- **Information given**:
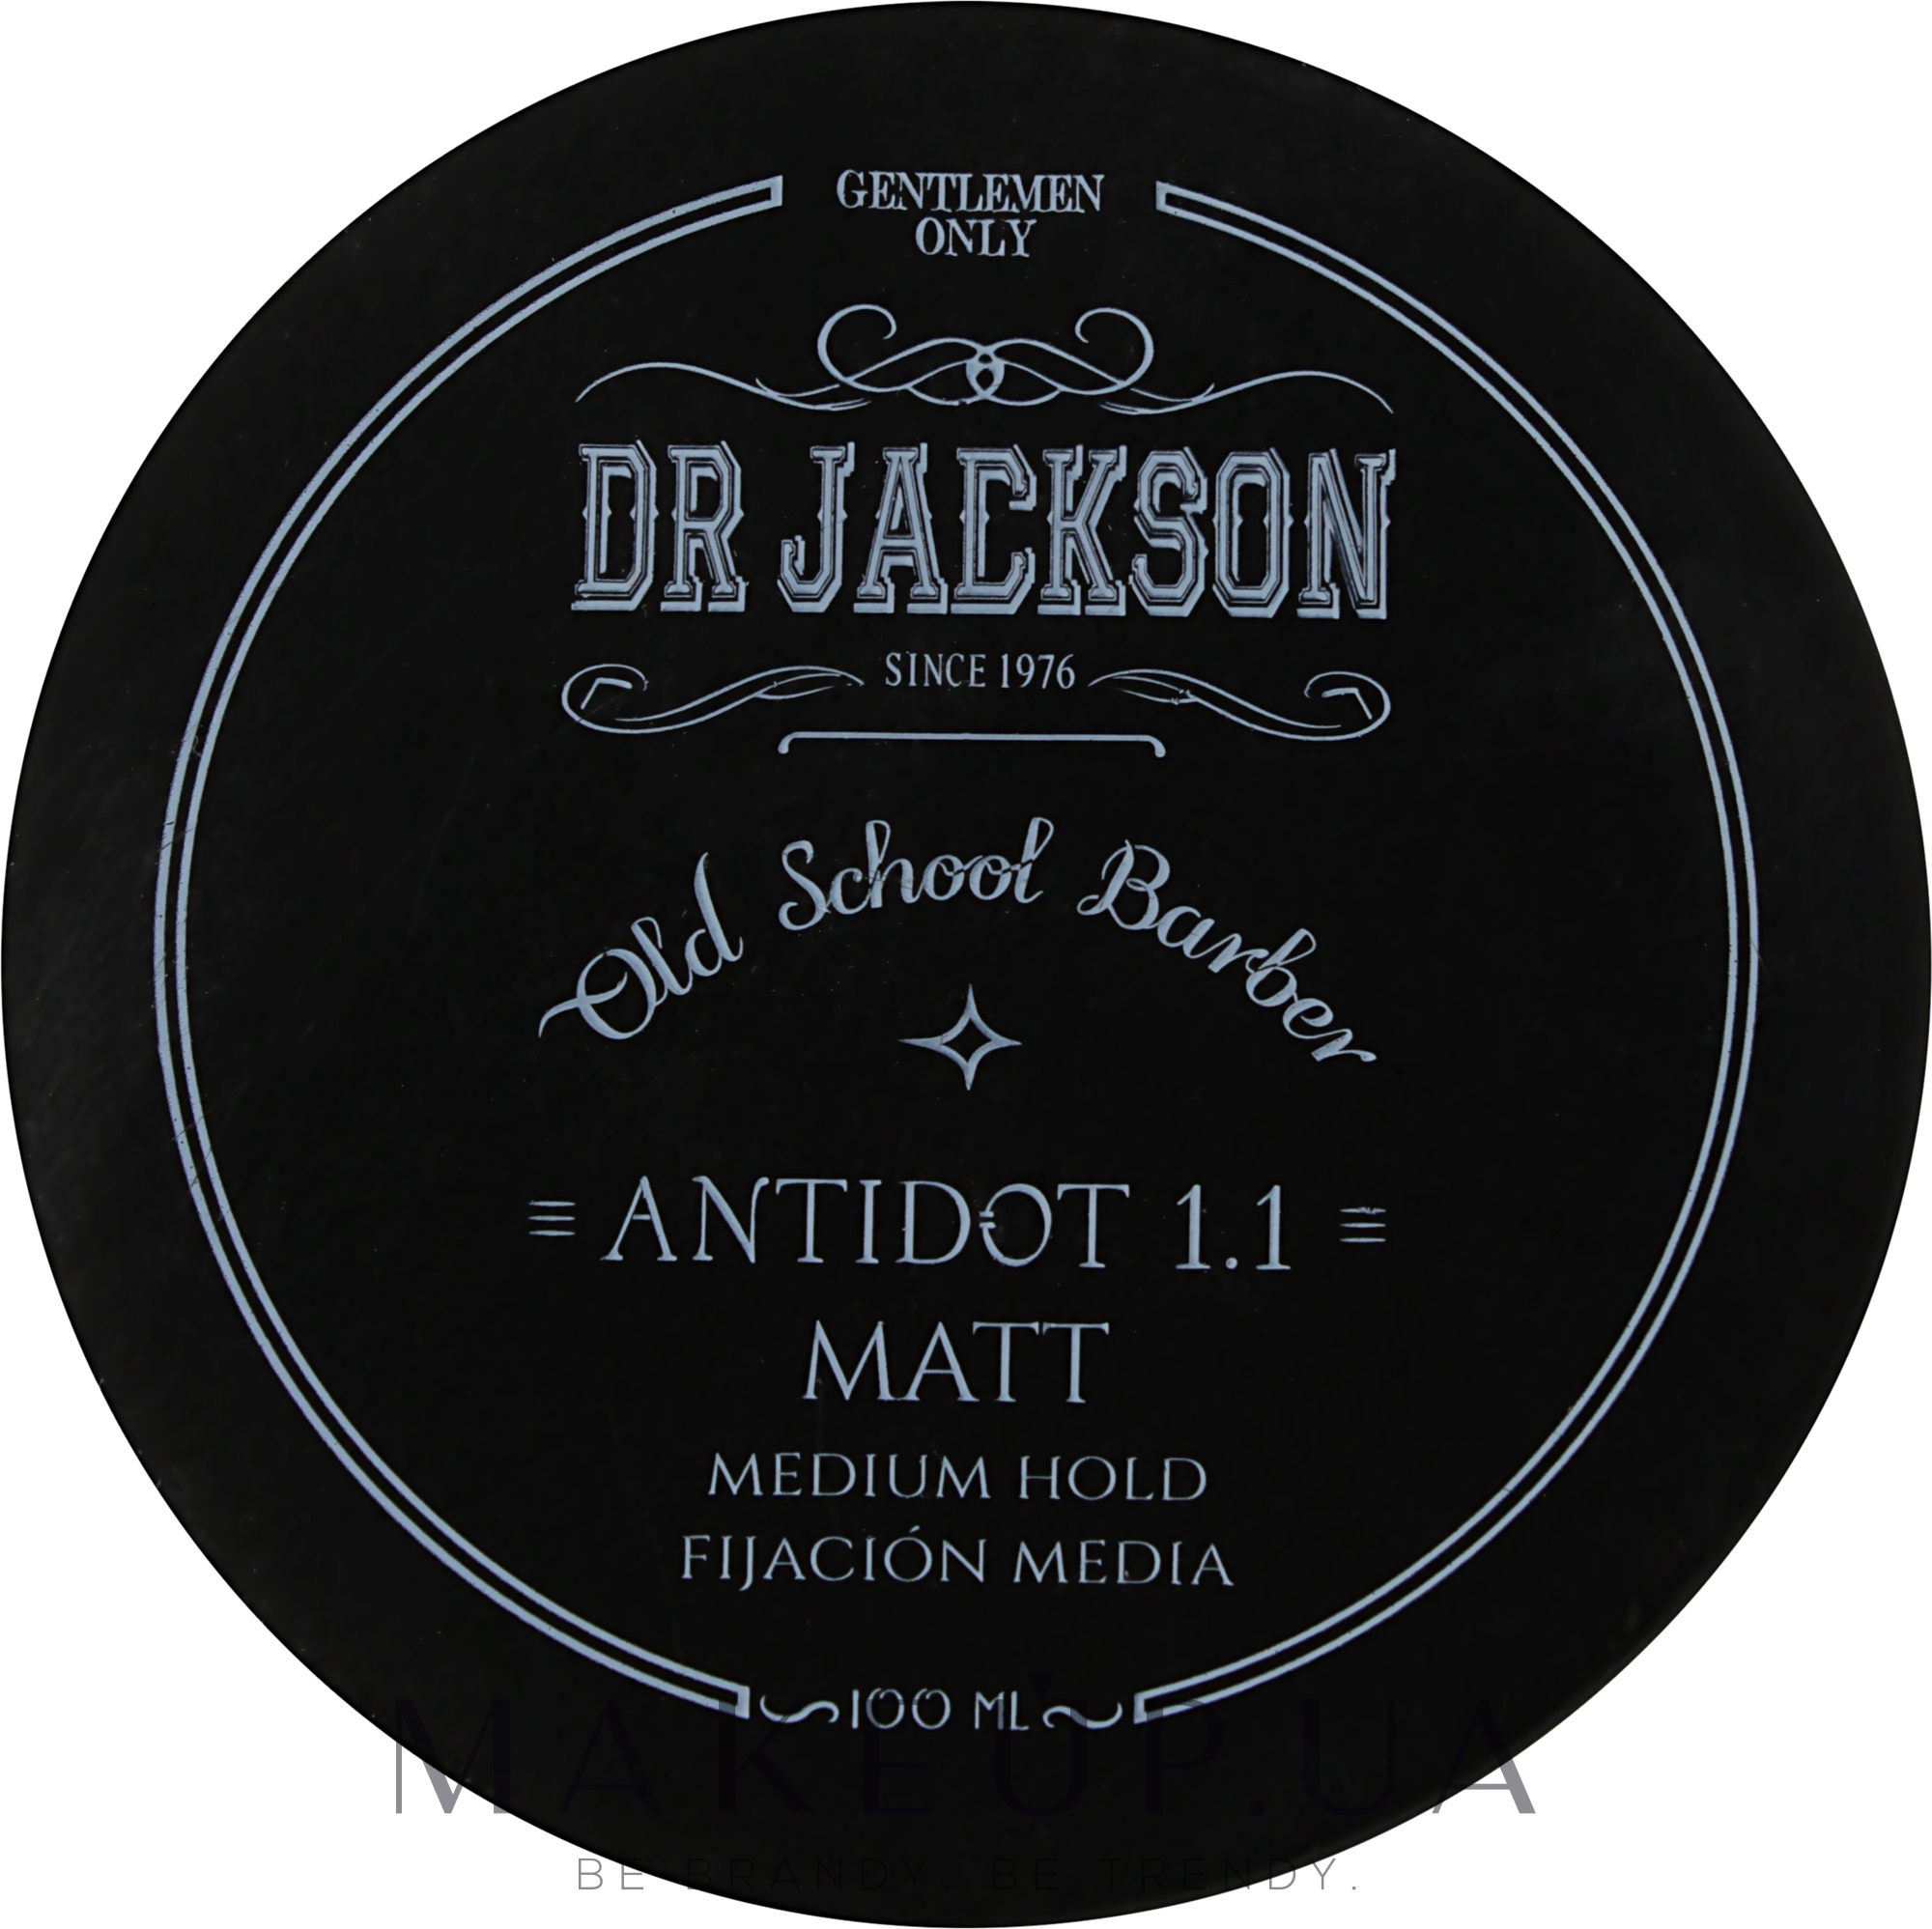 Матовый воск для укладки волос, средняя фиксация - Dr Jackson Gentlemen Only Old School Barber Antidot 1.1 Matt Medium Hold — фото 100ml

* * *

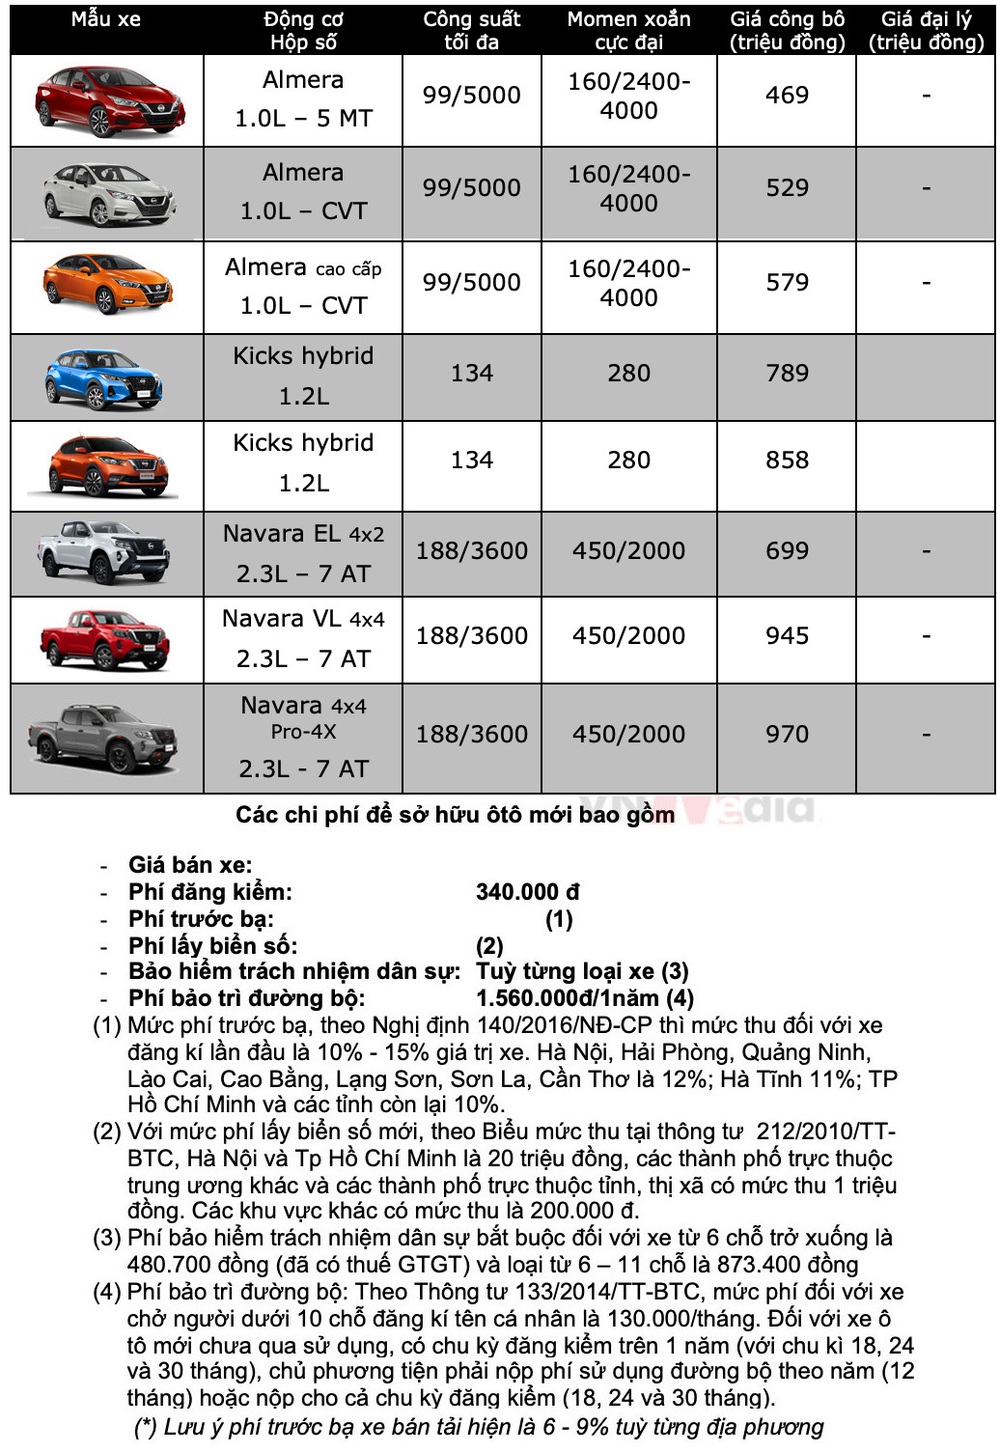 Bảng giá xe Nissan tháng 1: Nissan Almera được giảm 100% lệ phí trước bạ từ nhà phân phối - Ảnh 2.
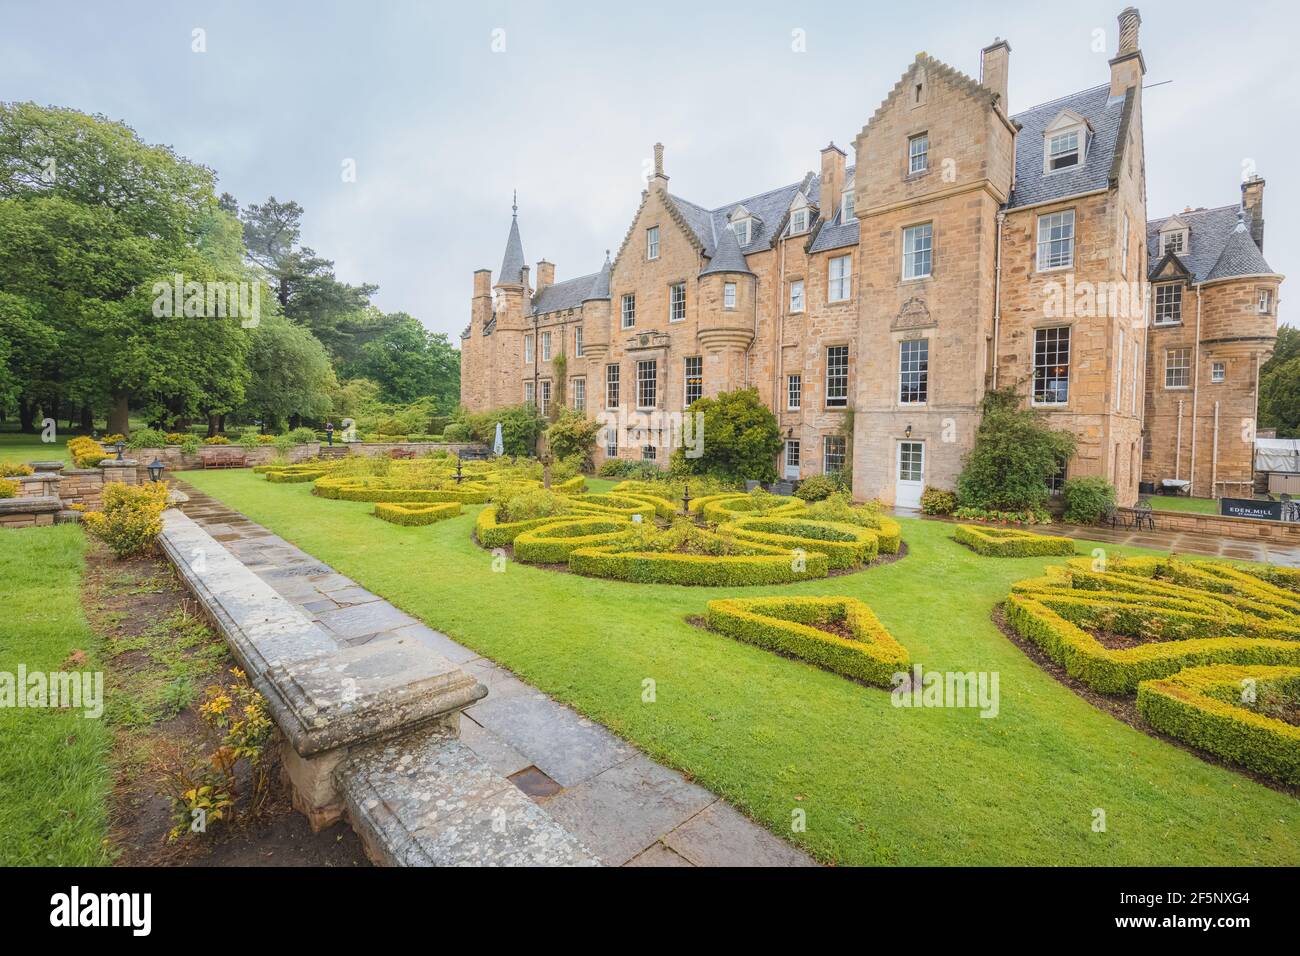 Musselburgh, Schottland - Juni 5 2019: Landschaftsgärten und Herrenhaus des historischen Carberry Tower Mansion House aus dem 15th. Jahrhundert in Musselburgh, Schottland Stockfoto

- **Task directions**:
All pictures are to be skipped. Output, word for word, the lines in the data above starting at the line containing "Bảng giá xe" and ending at the line containing "Musselburgh, Schottland - Juni".

- **Task output**:
 Bảng giá xe Nissan tháng 1: Nissan Almera được giảm 100% lệ phí trước bạ từ nhà phân phối - Ảnh 2.
 Musselburgh, Schottland - Juni 5 2019: Landschaftsgärten und Herrenhaus des historischen Carberry Tower Mansion House aus dem 15th. Jahrhundert in Musselburgh, Schottland Stockfoto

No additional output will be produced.